April 21st, 2015
from the Cleveland Fed
During the Great Recession, lending standards tightened, making it difficult for some borrowers to get or refinance their mortgages. Several indicators suggest that conditions have eased up, and credit may be more available now. But since the financial crisis was precipitated by lending standards that were so loose that credit was extended even to borrowers who did not have the ability to pay it back, there is heightened sensitivity to the possibility that we could go too far again. In light of that concern, we investigate the degree to which FHA lending is being extended to creditworthy borrowers.
The Federal Housing Administration (FHA) is a government agency that has been helping borrowers to obtain mortgage loans since 1934. The FHA makes mortgage loans more accessible chiefly by allowing qualified borrowers to provide lower down payments. Traditional loans require a down payment of up to 20 percent of a home's purchase price, while down payments for FHA-facilitated loans can be as low as 3.5 percent. For this service, the FHA charges a mortgage insurance premium (MIP), which is calculated in terms of basis points and is a percentage of the amount financed. The premium - which is often interpreted as a measure of housing affordability - was around 50 basis points before the crisis but rose steeply after it,hitting 135 in 2013. In January 2015, the MIP rate was lowered substantially, to 85 basis points.
Before the subprime mortgage boom, FHA loans were an important source of credit for first-time home buyers and borrowers with less than prime credit ratings. In 2001, for example, 21.6 percent of all new mortgage loans were backed by the FHA. But in 2003, subprime loans began to take off, and FHA lending began to decline. By 2005, subprime loans represented 16.3 percent of the mortgage market and FHA loans were down to 3.5 percent.
While the FHA was still offering favorable mortgage terms for qualified borrowers, subprime lenders were offering a much easier and faster application process, at times with no down payment requirement. When lending standards tightened after the subprime market crashed in the middle of 2007, three types of potential borrowers could no longer obtain a mortgage loan: borrowers who would have gotten a subprime loan had the subprime market continued to exist, borrowers with subprime mortgages who needed to refinance into loans with better terms, and borrowers who could not afford large down payments but were otherwise creditworthy.
To assist some of these underserved people, the FHA began to increase its lending at the end of 2007, regaining market share which eventually peaked at 43.8 percent of mortgage market originations in November of 2009. During this timeframe, FHA-supported mortgage originations increased more than 500 percent. After the recession, FHA-supported lending steadily declined to around 11 percent of all purchase mortgage originations, where it remains.

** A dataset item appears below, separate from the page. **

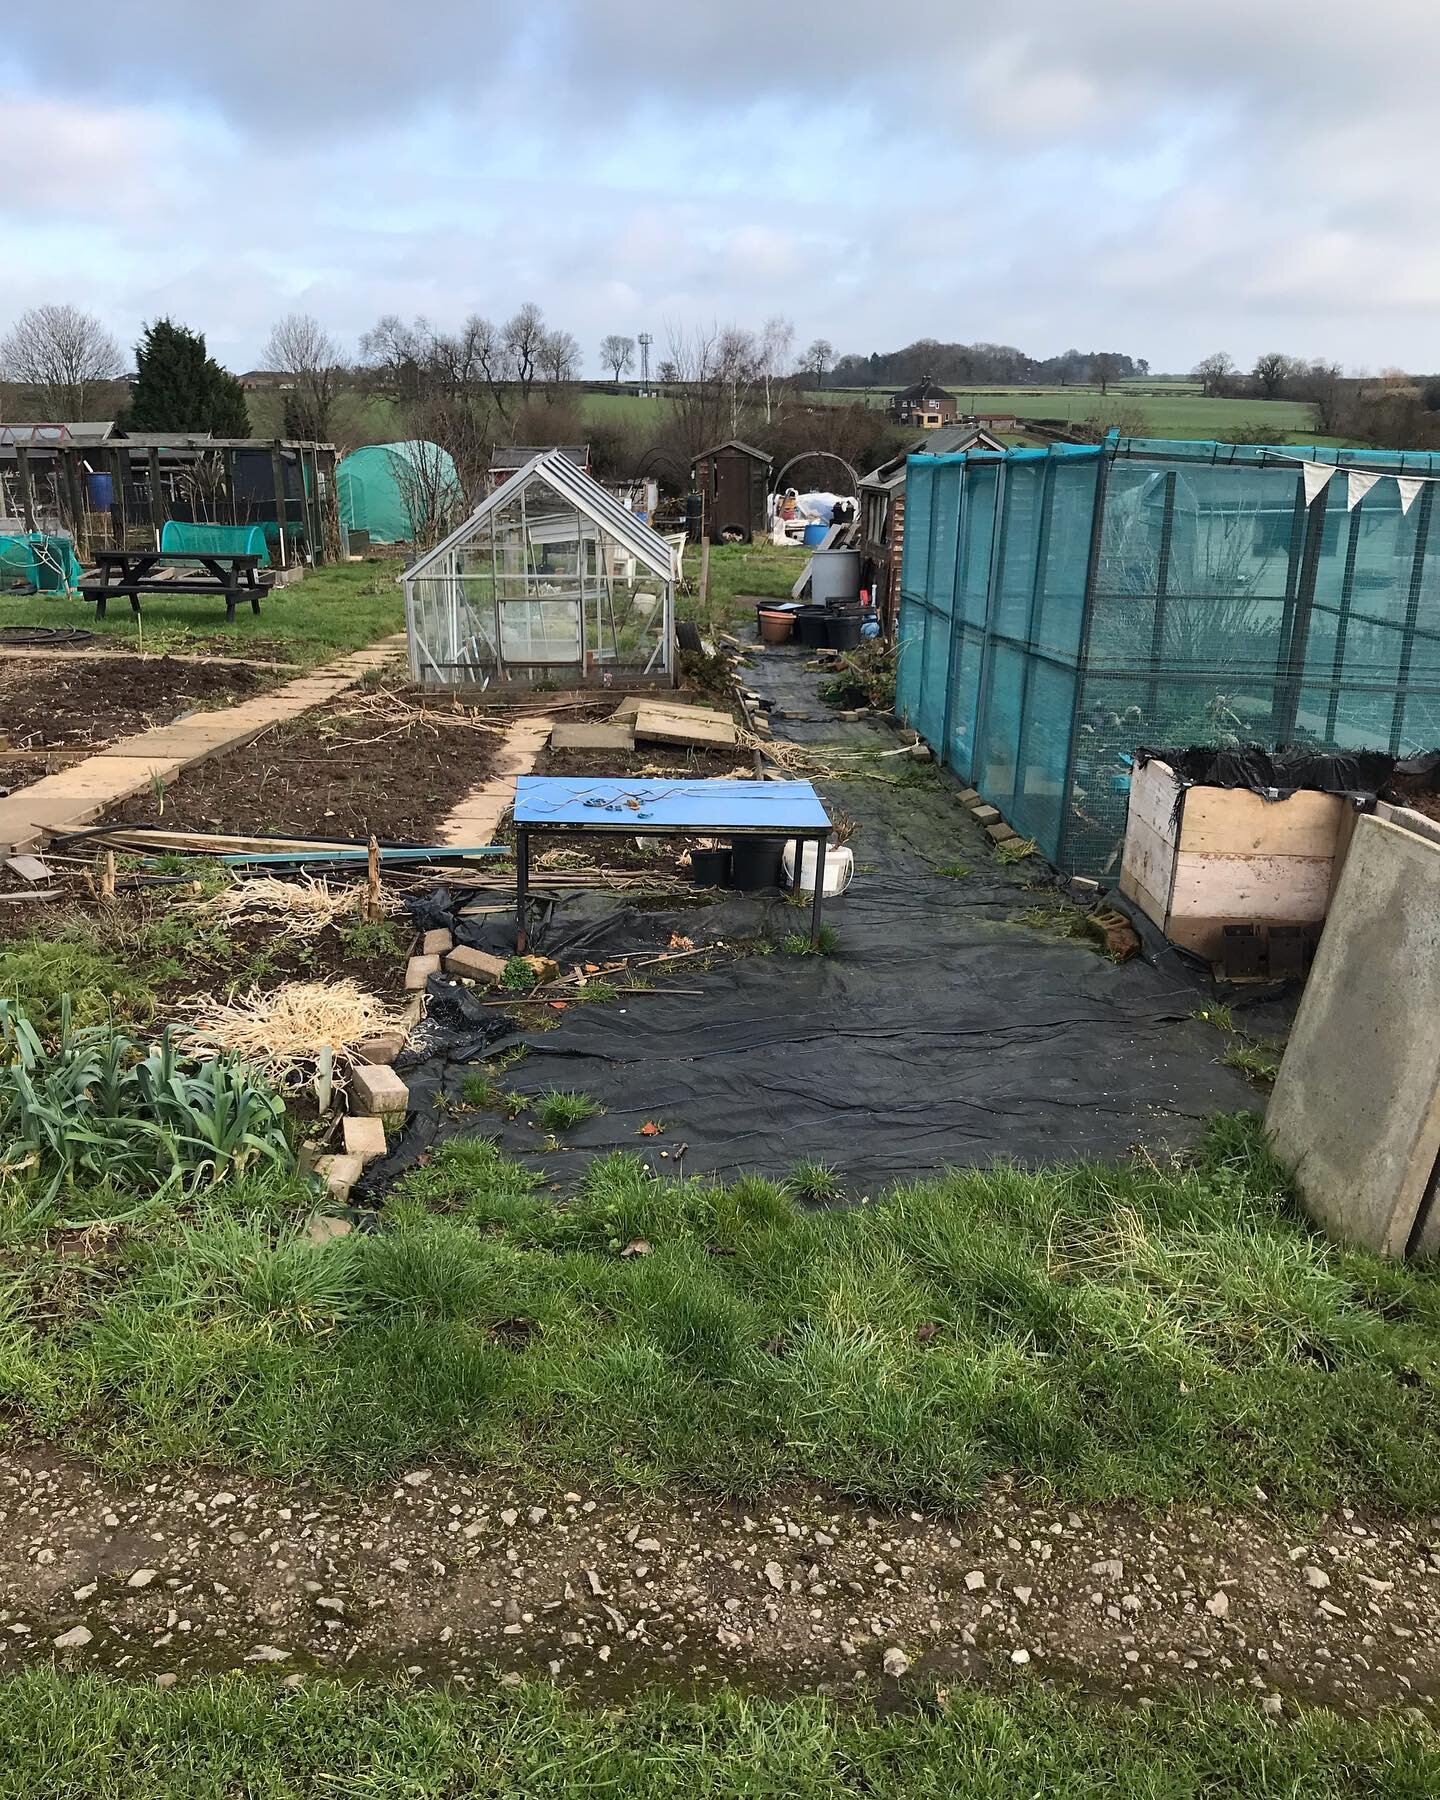 The allotment has been tended to for the first time in nearly 3 months. 

There are a lot of maintenance jobs to be done before the growing season really starts but at least we have a head start this year. We have empty beds, a greenhouse, polytunnel

An open question is which of the three types of borrowers unable to get loans after 2007 is getting them now? Hopefully, credit conditions have relaxed to the point where underserved but creditworthy borrowers are getting credit, and bad credit risks are still being excluded. To answer this question, we check if the composition of after-crisis FHA originations resembles the pre-crisis subprime market in terms of borrowers' credit scores. We split all FHA originations into four groups by the borrowers' FICO score. We find that prior to the recession in November 2007, 62.8 percent of FHA borrowers were either deep subprime (scores less than 600) or subprime (scores between 601 and 660). However, when FHA loans began to increase at the end of 2007, FHA lending to deep subprime borrowers was in decline and ended completely by 2010. Since then, FHA loans have been going more often to prime (with scores above 700) and near-prime (with scores between 661 and 700) borrowers. Currently, 73.9 percent of FHA-originated loans go to prime or near-prime borrowers.
We also compare the performance of subprime loans made by the FHA with that of subprime loans made by other lenders. We look at the rate of default, which is defined as a loan in any of the following conditions: those with more than two missed monthly payments, those in foreclosure, or those that are REO ("real estate owned," meaning the bank reposessed the home). We see that in the 2000s and prior to the recession, both the FHA's subprime and deep subprime loans performed about as badly as the subprime loans of non-FHA lenders: between 7.8 and 20.6 percent of the FHA's deep-subprime loans were in default, and between 3.6 and 10.5 percent of the FHA's subprime loans were in default, while between 7.9 to 25.2 percent of non-FHA lenders' total subprime loans defaulted.
Although the standards for FHA originations have improved substantially in that originations to the deep subprime segment stopped and originations to near-prime and prime segments increased, the performance of the overall FHA mortgage market has not improved. The default rate of all FHA loans combined is still higher than it was before the onset of the subprime boom in 2003.
The reason for the underperformance of the overall FHA market even with the improved standards is seen when analyzing the stock of outstanding FHA loans. Outstanding loans are those that were previously originated. Despite the fact that deep subprime loans ceased to be originated after 2010, they still represent 6.2 percent of all outstanding FHA loans. Likewise, subprime loans still constitute 30.5 percent. However, if the FHA continues to facilitate lending to more creditworthy borrowers, the performance of the overall FHA market is poised to improve in the future.